I think you’re maybe avoiding hearing what joshsmother is saying – maybe it conflicts with ideas about how you got where you are or what you’ve been able to do for your kids.
The reality is that college is necessary for most kids at this point – but it’s a small minority of kids who have parents who can guide them in this manner. The fact that information is available is beside the point. If a parent can’t use the information, it might as well not be available.
Why wouldn’t a parent be able to do that? The parent’s own background is a major determinant of whether or not they even think to look for such information or find it important. That’s why so many schools, including state schools, are huge on first-gen programs now: the culture and business of academia is intensely classbound and exceptionally difficult for people whose parents aren’t wealthy and don’t have advanced degrees to navigate well, and everything is fast-moving and high stakes.
Then there’s the fact that many parents simply don’t have time. When a parent’s getting by on four or five hours’ sleep a night, no, there is no time for major research expeditions into some unknown online world. Sorry. When a parent’s taking care of frail elderly parents or disabled siblings or a disabled spouse, no, there isn’t time. And no, saying “find someone to help” isn’t an answer, either. People too busy to manage college searches for their children are also short on time to make social connections and reciprocate for favors. If they’re poor and their friends are also poor, their friends are also unlikely to be helpful here, too.

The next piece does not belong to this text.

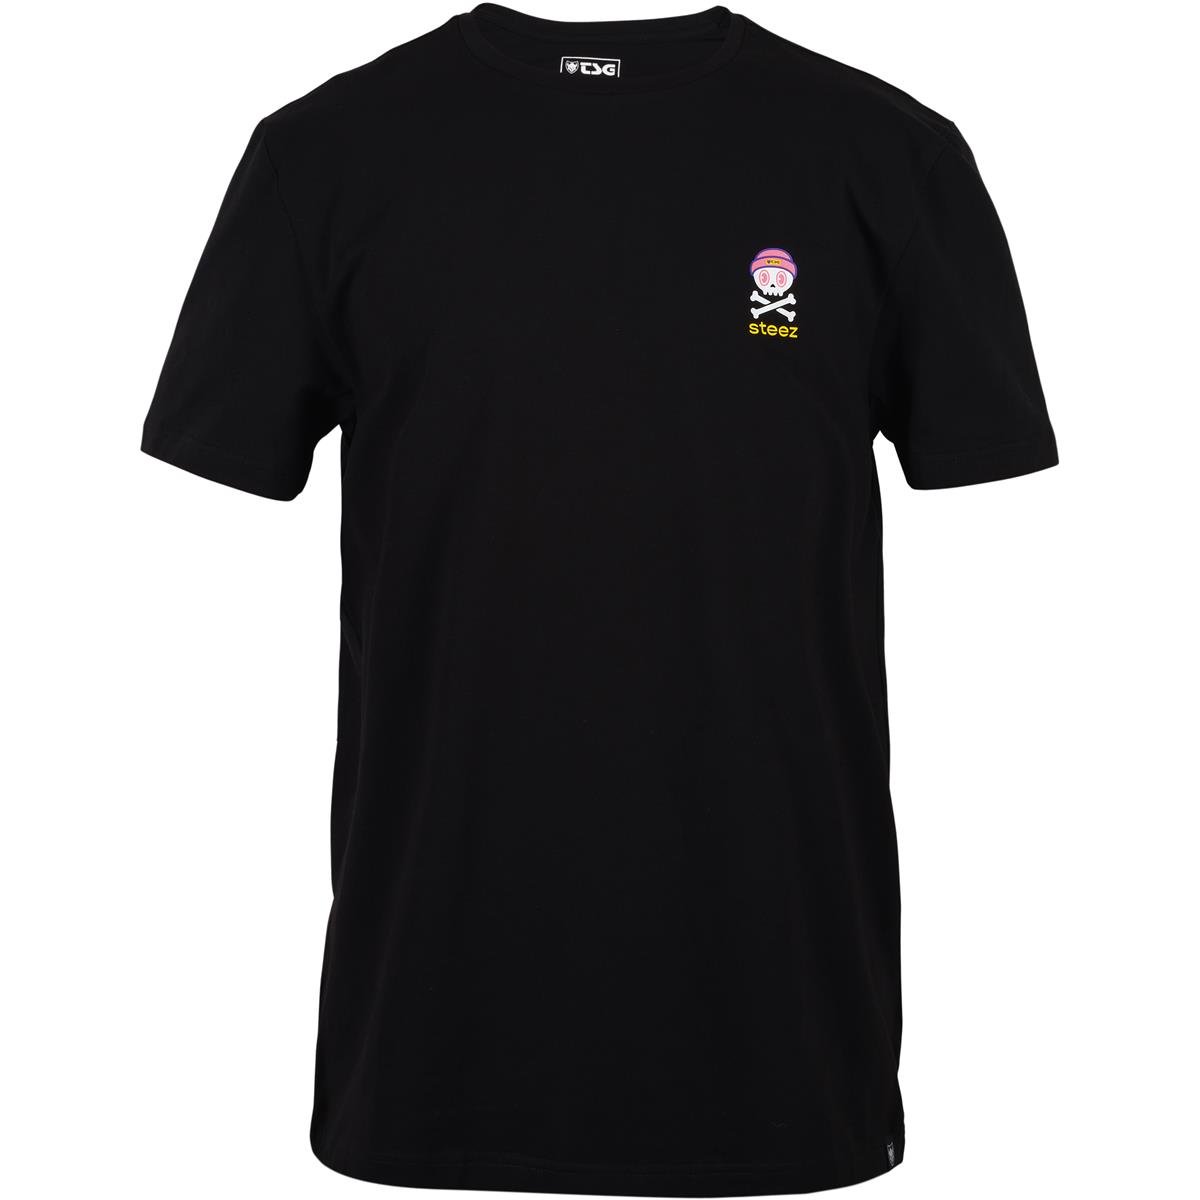 TSG T-Shirt Steezy Nero

If your parents are immigrants, then unless they’re highly educated, the odds that they’ll have the cultural fluency to navigate the bazillion cues for how to apply successfully to the right schools – very slim. Very, very slim. And this generation is one of the biggest children-of-immigrants generations we’ve had in a very long time.
Finally, if you’ve spent any time as an adult in the world of wage work, you know that there are vast seas of adults out there who have trouble reading and figuring simple sums. New worlds of highly complex info are not where they’re equipped to go. That’s why training in so many jobs is engineered to be so simple. If those are your parents, those are your parents. And you’re likely to get beat up hard by academia when you attempt college, unless you find a sherpa there, or – more likely – a sherpa finds you.

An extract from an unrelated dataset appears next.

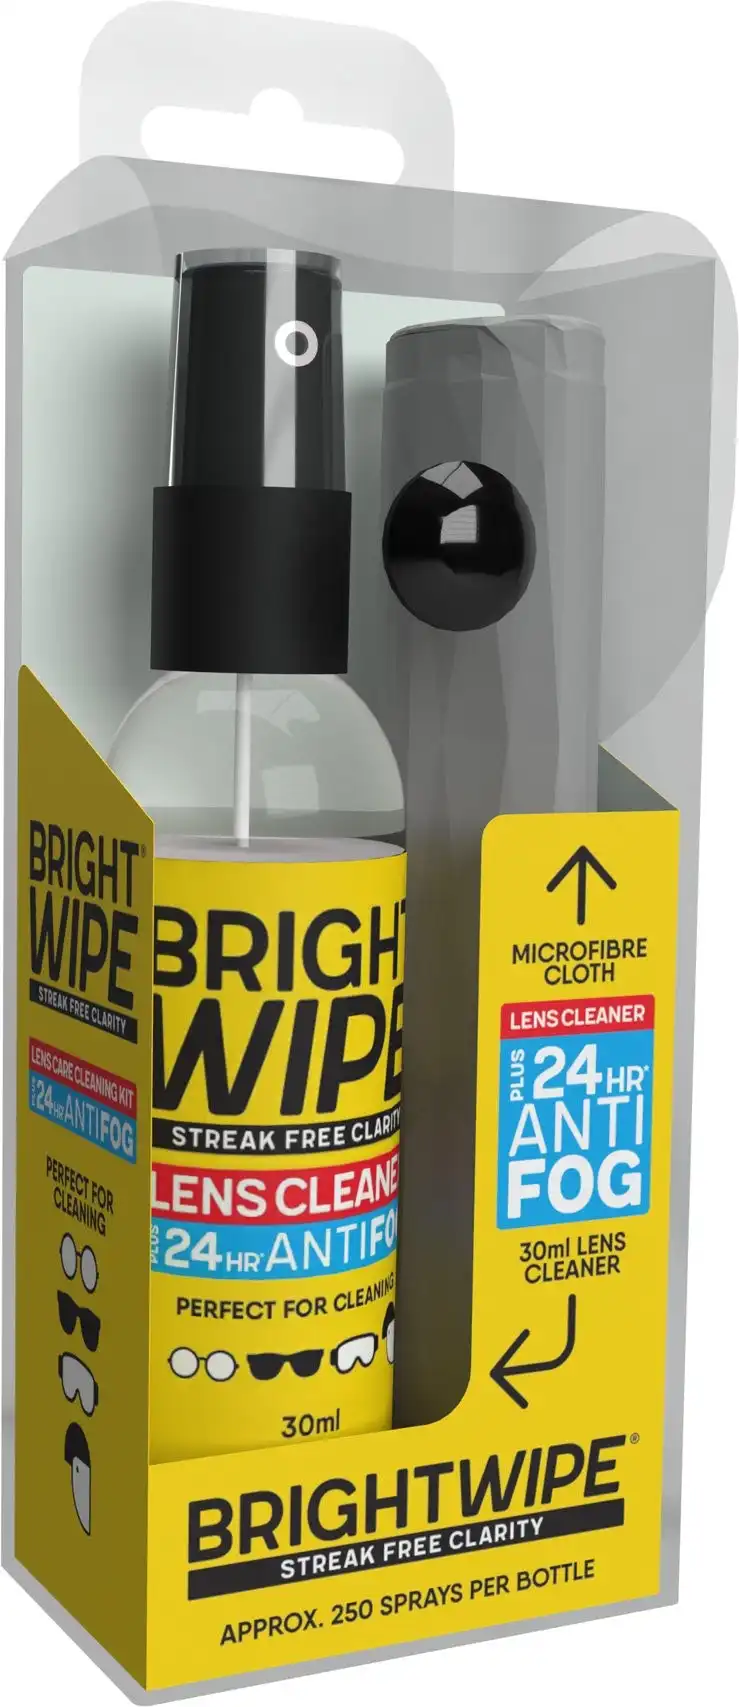 Bright Wipe Antifog Lens Care Kit

In the US, roughly 30-40% of all kids are growing up poor, with a smaller percentage in federally-defined poverty. Most of them need to go to college, too. I guarantee that their parents are not well-represented here, and for good reasons.
While I get that one’s own bootstraps can be well-loved, it’s unkind not to recognize that having the bootstraps in the first place is a matter of fortune. And in a society where college is more or less a necessity, arranging things so that not being like you, or me, is going to punish your child longterm – it’s simply wrong, and I think it’s bad for the society as well.
As for the “is what is” notion – frankly, I deeply resent the amount of time and work it’s taken to throw money at a university that surely won’t deserve it, and I can’t even imagine how livid I’d be if I didn’t work at a university, so that at least there’s some advantaged derived from the whole horrible game. I’ve told my kid I’m happy to bake cookies for the revolution whenever her generation gets around to it.